First Normal Form (1NF)
A table is in 1NF if:
1. It contains no repeating groups (i.e., multiple values in a single cell).
2. All attributes (fields) contain atomic values (cannot be broken down further).
Step-by-step: If a student enrolls in three courses, you cannot list all three course codes in one column. You must create a new row for each course, or split the data into multiple tables.
Second Normal Form (2NF)
A table is in 2NF if:
1. It is already in 1NF.
2. All non-key attributes are fully dependent on the *entire* Primary Key.
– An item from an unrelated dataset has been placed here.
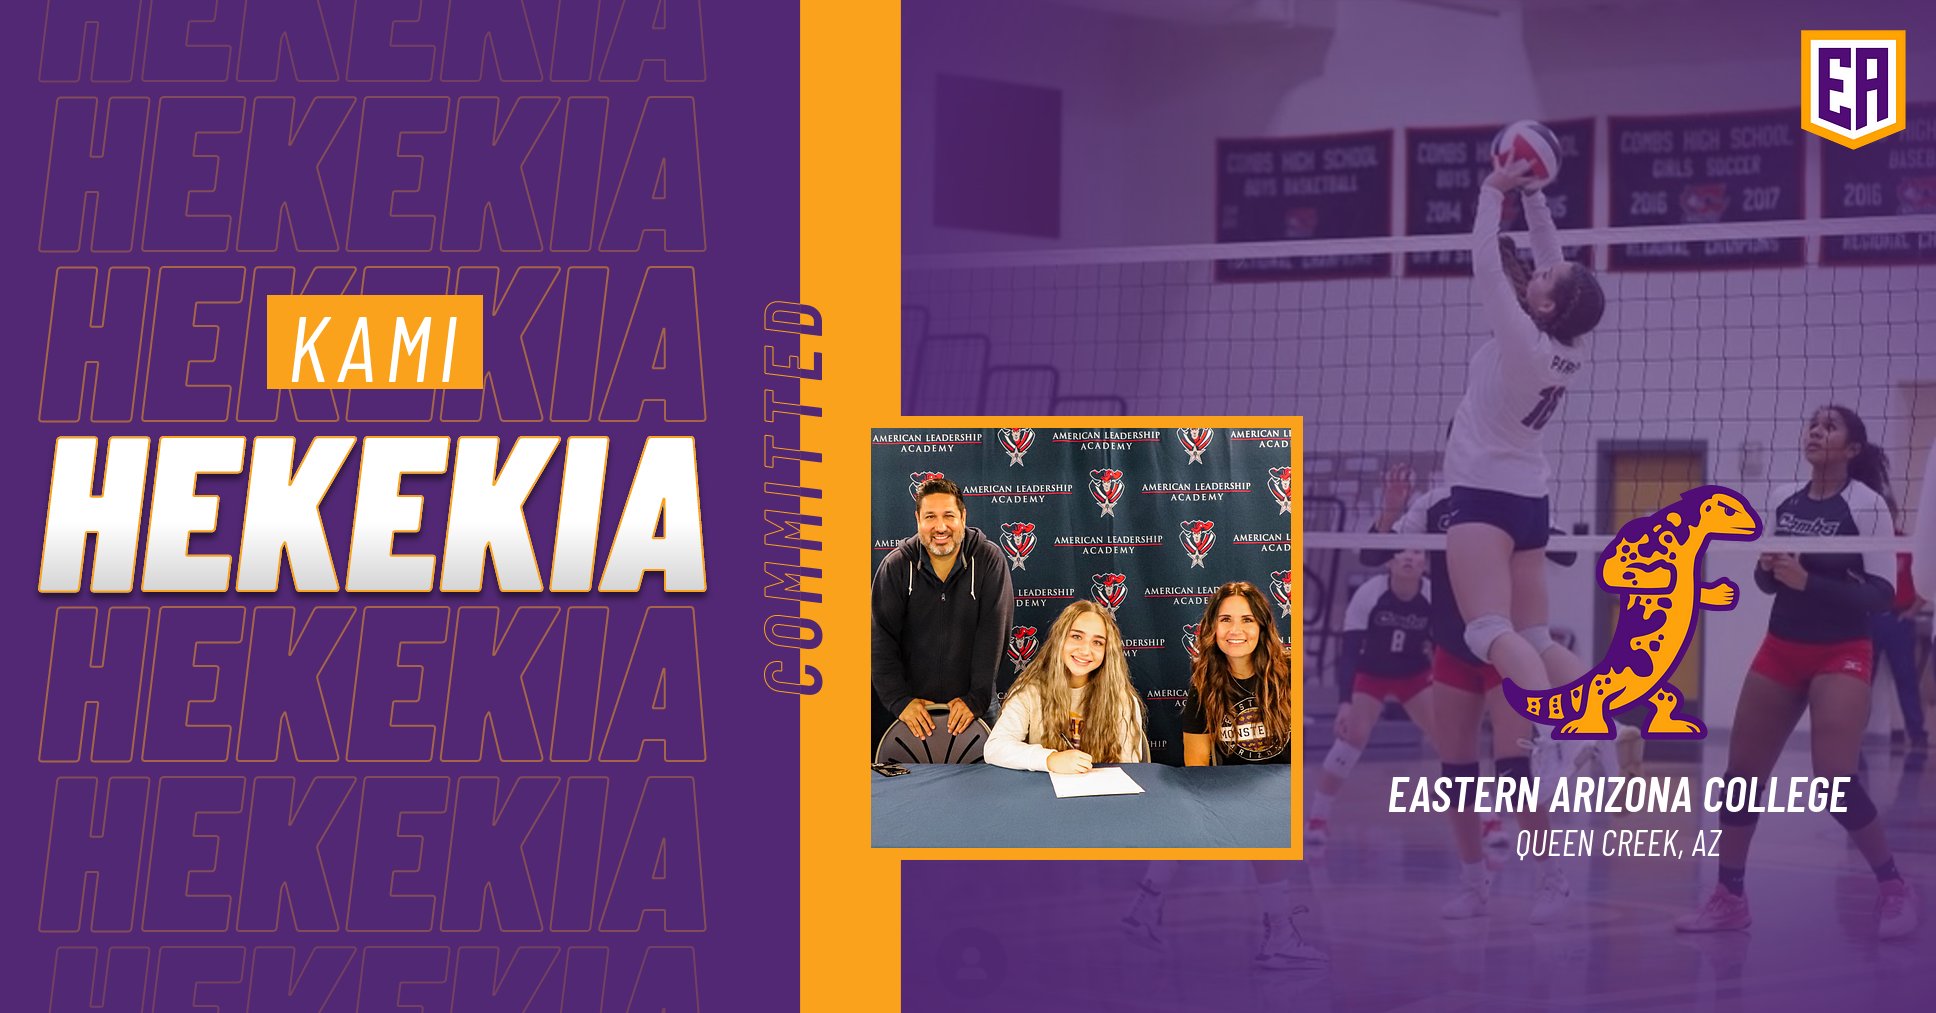 Kami Hekekia Signs with EAC

This only matters when the PK is a composite key (made up of two or more fields).
Step-by-step: If your PK is (OrderID, ItemNumber), and the ItemName only depends on ItemNumber (part of the key), you must move ItemName to a separate ITEM table.
Third Normal Form (3NF)
A table is in 3NF if:
1. It is already in 2NF.
2. There are no transitive dependencies. This means non-key attributes must not depend on other non-key attributes.
Step-by-step: In a table, if CityName determines PostCode, and PostCode is not a key, then this is a transitive dependency. You must move CityName and PostCode into a separate POSTCODE table.
Normalization Mnemonic:
1NF: No Repeating groups.
2NF: Depend on the Whole key (W - sounds like 2).
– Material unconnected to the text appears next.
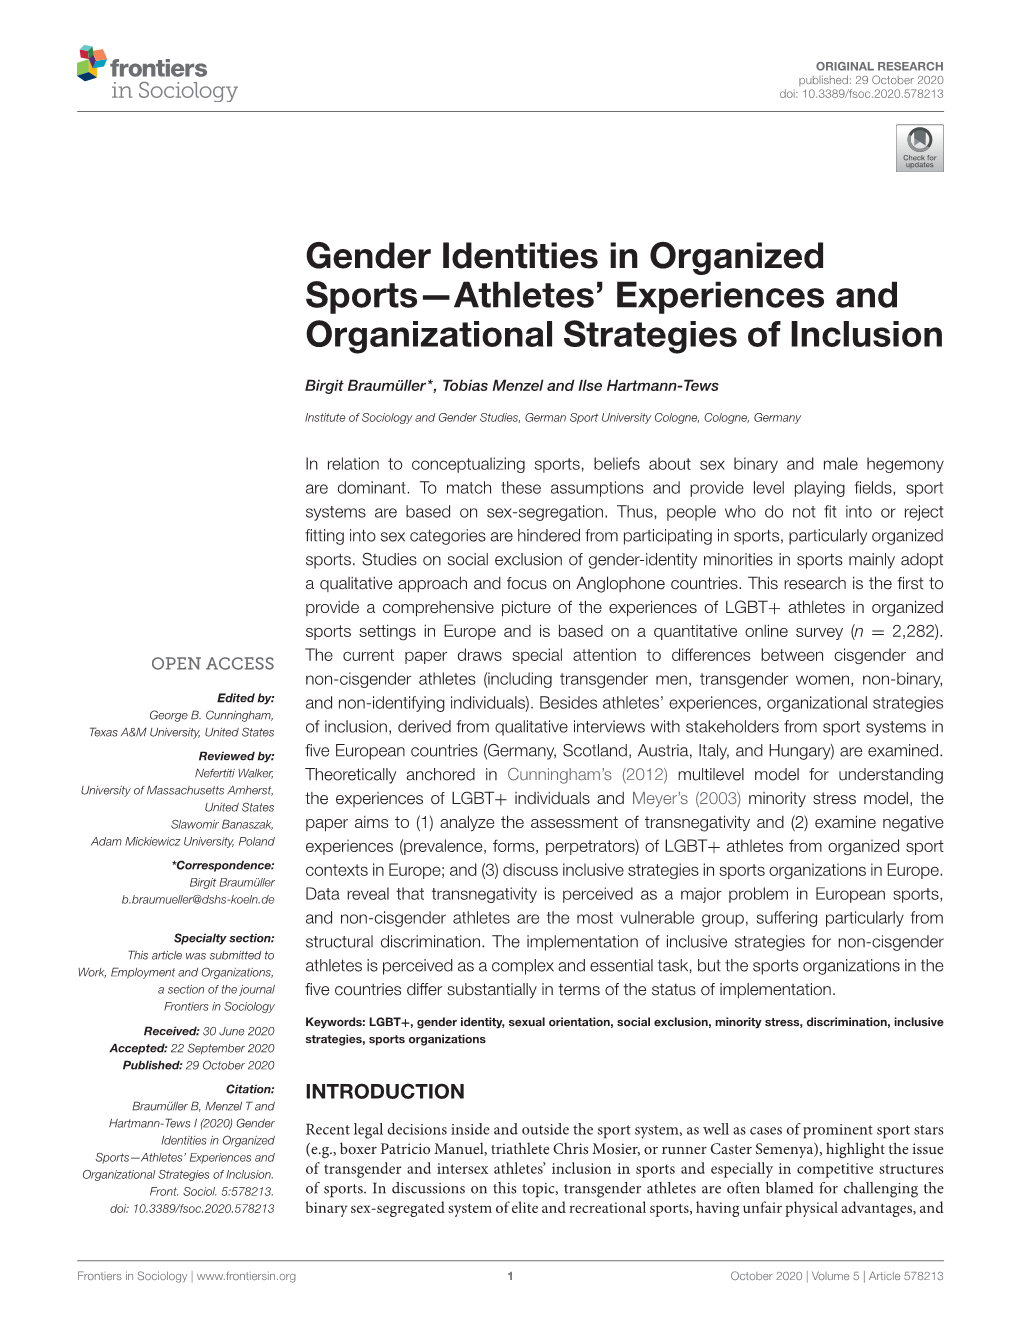 Gender Identities in Organized Sports—Athletes' Experiences And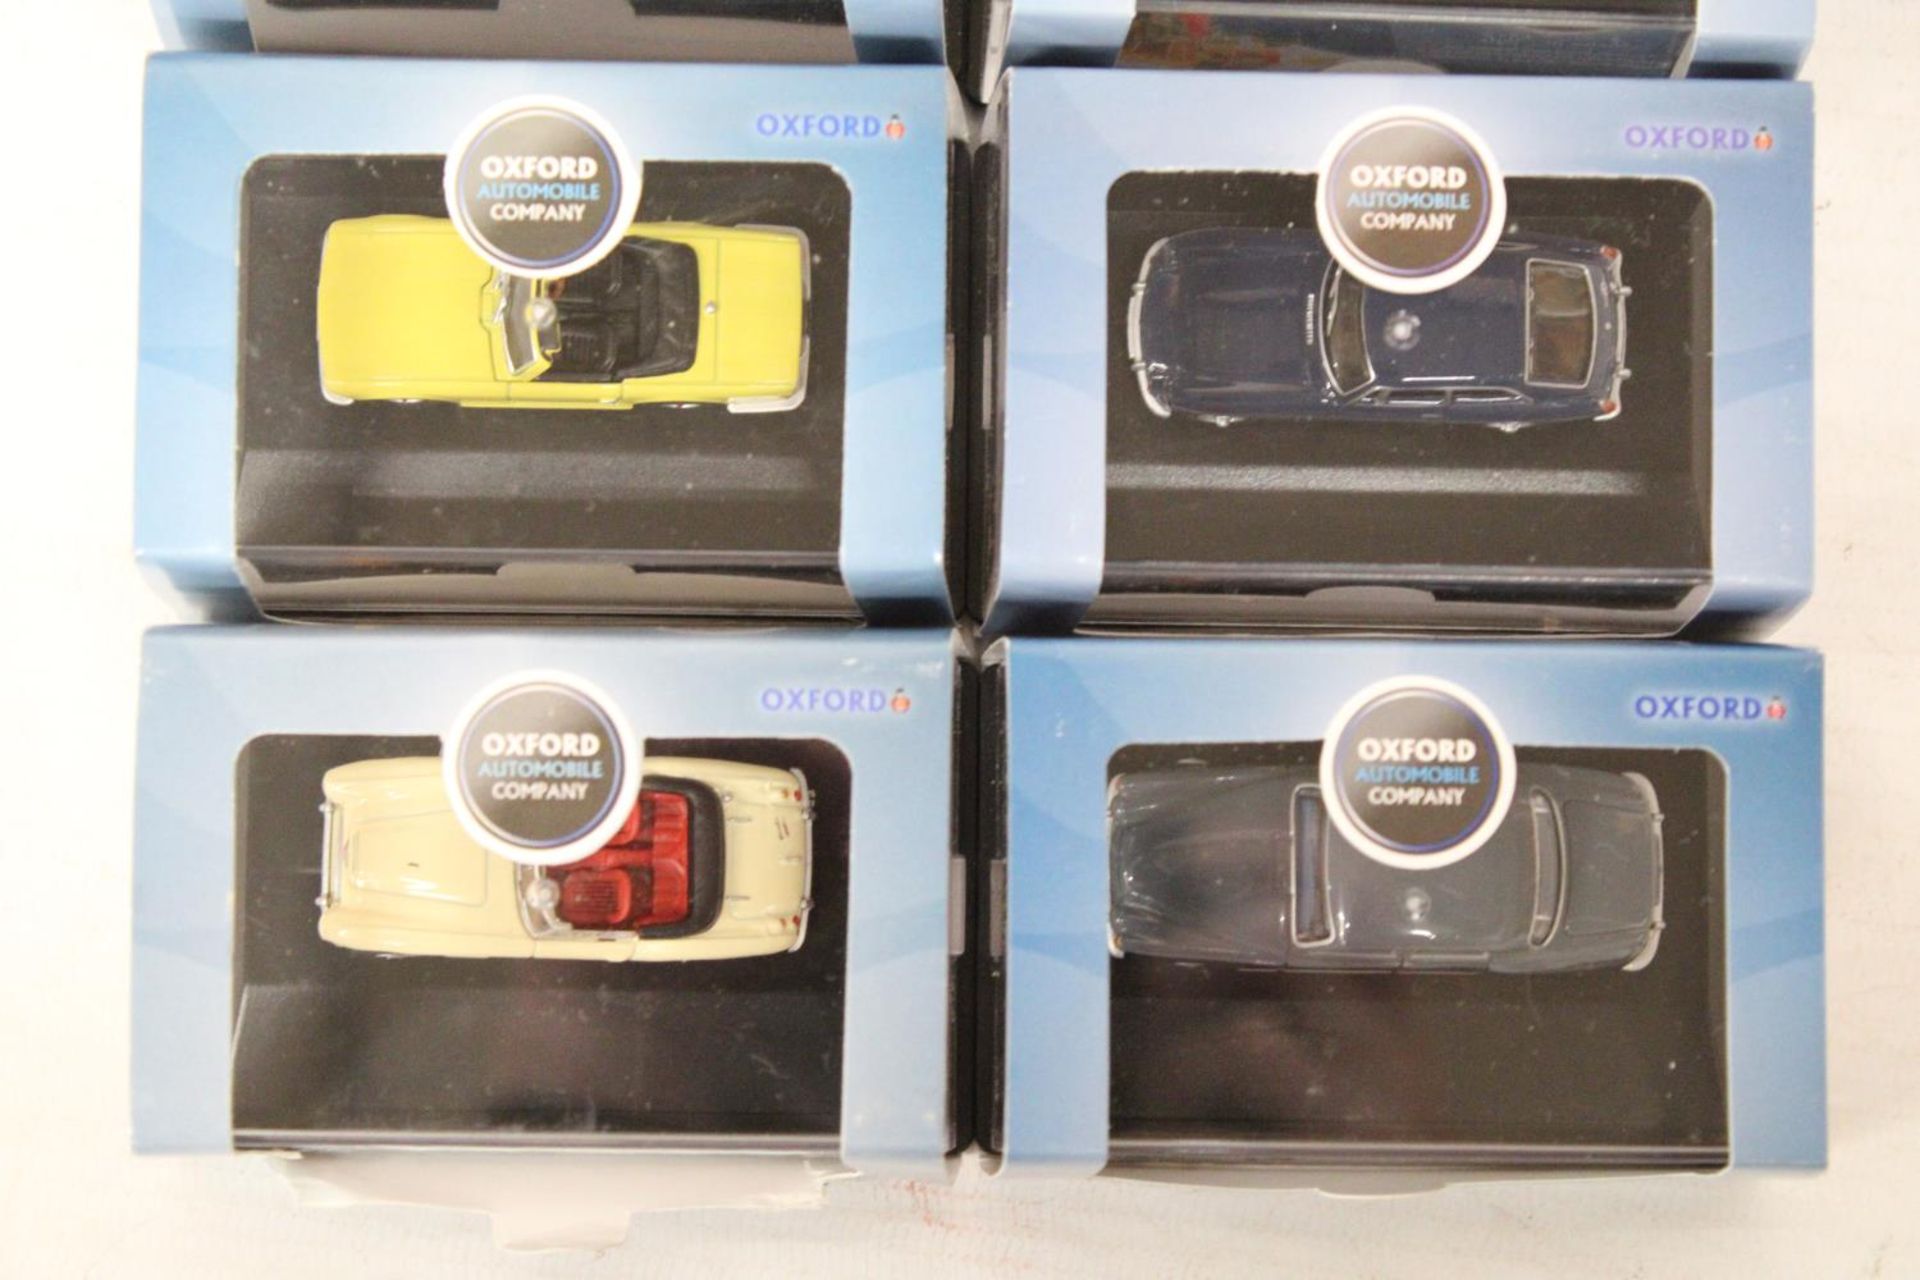 SIX VARIOUS AS NEW AND BOXED OXFORD AUTOMOBILE COMPANY VEHICLES - Image 5 of 5

3NF: Nothing but the key (No non-key depends on another non-key).
Databases fix redundancy and inconsistency found in file systems. We use entities, records, fields, and keys (PK, FK) to structure data efficiently. Normalisation (1NF, 2NF, 3NF) is the process of breaking tables down to avoid data duplication and dependency issues.
8.2 Database Management Systems (DBMS)
A Database Management System (DBMS) is the software that acts as an interface between the user/application and the database data. It handles all the complex organization, security, and storage tasks.
Features of a DBMS
The DBMS addresses the file-based limitations by providing several core features:
- Data Management: The overall ability to store, retrieve, update, and manage data efficiently.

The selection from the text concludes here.